The impact of a typo, or: too great a lyft!

“Typo in Lyft earnings sends shares aloft nearly 70%,” announced a recent CBS News story.

Here’s what it had to say:

  • What a difference a zero can make. 
  • Lyft shares enjoyed a short-lived pop after Tuesday’s closing bell, surging as much as 67% after the company issued an outlook mistakenly projecting that its margins would expand an astounding 500 basis points.
  • Less than an hour later, the ride-sharing provider offered that the estimate had missed the mark — by a lot, with the real estimate at 50 basis points, or a half of a percentage point. 
  • “This is actually a correction from the press release,” Erin Brewer, Lyft’s CFO, told an earnings call, less than an hour after the company issued its initial-and-quickly-corrected forecast in its fourth-quarter earnings report.
  • In an amended regulatory filing, Lyft called the misstated margin “a clerical error.”
  • “For Lyft this, was a Ted Striker Airplane Moment and a debacle mistake that will be spoken about in Street circles for years to come,” Wedbush analyst Daniel Ives said. “In decades on the Street, never seen anything like it, a black eye moment for Lyft.” 
  • The debacle brought a mea culpa from Lyft CEO David Risher, who took responsibility in a Wednesday appearance on CNBC. “Look, it was a bad error, and that’s on me,” he told the network. 
  • Lyft realized its mistake on the earnings call as Wall Street analysts zeroed in on the company’s surprisingly strong margins. When a Lyft employee realized the mistake, Risher said he could see her “jaw drop.”
  • “Thank goodness we caught it pretty fast,” the executive added
  • After Tuesday’s brief after-hours surge, Lyft shares reversed course as Brewer’s correction was digested. 
  • Lyft shares on Wednesday closed 35% higher as even the corrected earnings report was a good one, with Lyft tallying bookings that surpassed expectations.

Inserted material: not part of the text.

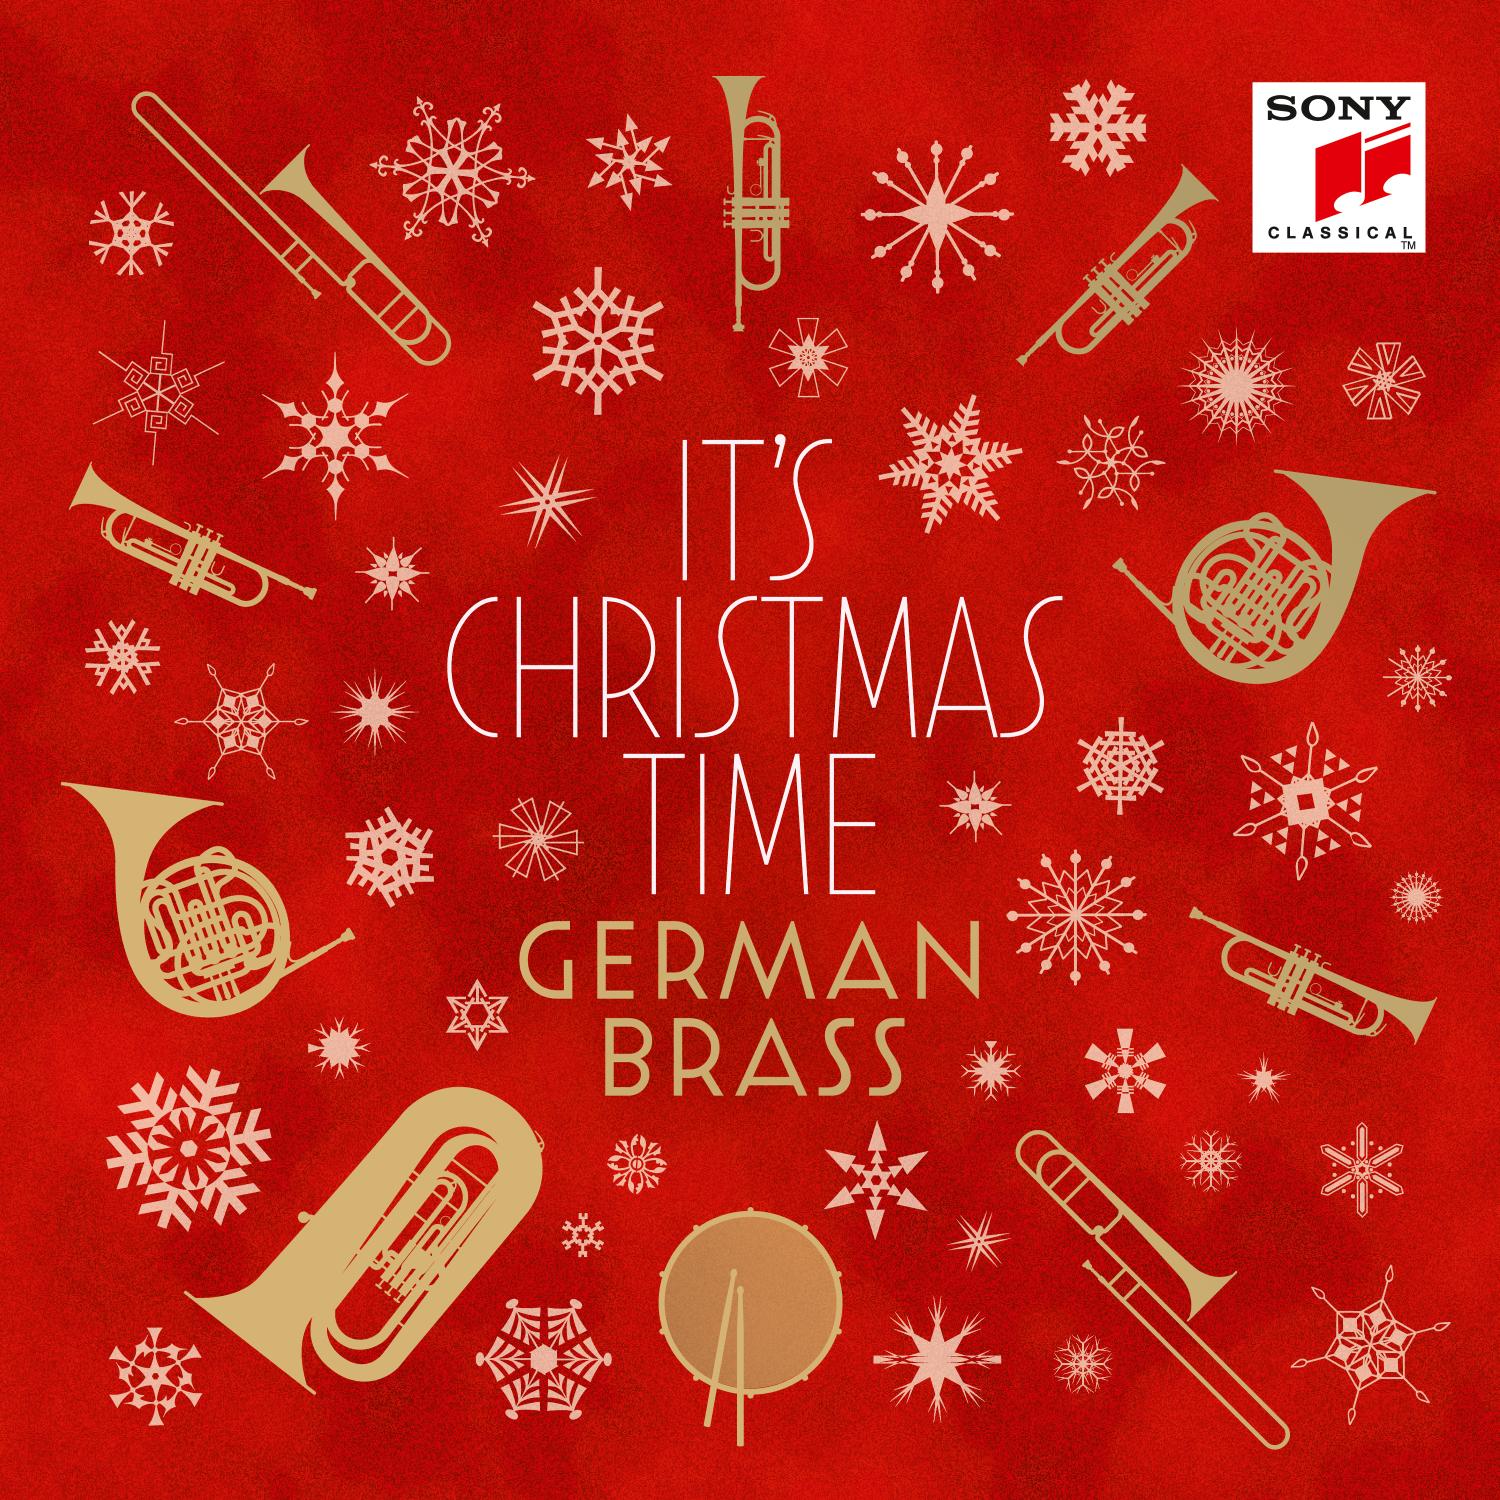 German Brass Its Christmas Time

The coverage on Forbes.com added the following perspective:

  • “Lyft clearly did one thing right – it corrected the error quickly and decisively,” said Brad Foster, a partner specializing in securities litigation at corporate law firm Haynes Boone. “The reality is that people make mistakes, and mistakes are not securities fraud.”

Forbes notes for background that “according to market research firm YipitData, (Lyft) has held around 30% of the US rideshare market compared with 70% for Uber since the second quarter of 2022.” Anyway, it seems correct to me that enforcement action shouldn’t be on the cards here. Actually, the penalty has already been levied, not on Lyft (unless you include the hapless shareholders who bought in at that short-lived high) but on all of us who devote any part of our life to the cause of high-quality decision-useful financial reporting. However impressive the erroneous 500 basis point data point may have seemed in isolation, it was still only a single data point, and even if accurate should hardly should have triggered an unseemly scramble to get hold of the shares at any costs. And then, even modest reflection regarding the disclosure as a whole should have indicated to users either that the data point had to be wrong, or at least that the way in which the separate components of the disclosure related to one another warranted more investigation before making an investing decision. To illustrate, the overall outlook was for an adjusted EBITDA margin (calculated as a percentage of Gross Bookings) of approximately 1.4% to 1.5%; the commentary anticipated “rides growth in the mid-teens year-over-year,” and the bullet point following the error said that “Given these factors, along with our plans for slightly lower capital expenditures for 2024 relative to 2023, we anticipate that Lyft will generate positive Free Cash Flow for the full-year for the first time. In terms of the magnitude, we expect that roughly half of Adjusted EBITDA will convert to Free Cash Flow for full-year 2024.” All positive enough, but not as much as a once-in-a-lifetime margin expansion might lead you to expect.

So all the no doubt painstaking work underlying thel development of the outlook and the crafting of the accompanying disclosure, not to mention all that went into the historical financial information issued at the same time, apparently counted for much less than the sugar rush provided by one improbably super-charged data point. One would like to know more about the process by which that number triggered such activity, for example to what extent the fault was attributable to automation rather than to human folly. You’d like to think, for example, that artificial intelligence-based analysis would act as a brake on unwarranted enthusiasm, but maybe such systems are or will be taught to cynically create and profit from such idiocies more than to prevent them…

So, all more depressing than funny. Which might also be true of the movie Airplane these days, not that I’m planning to do the research on that…

The opinions expressed are solely those of the author.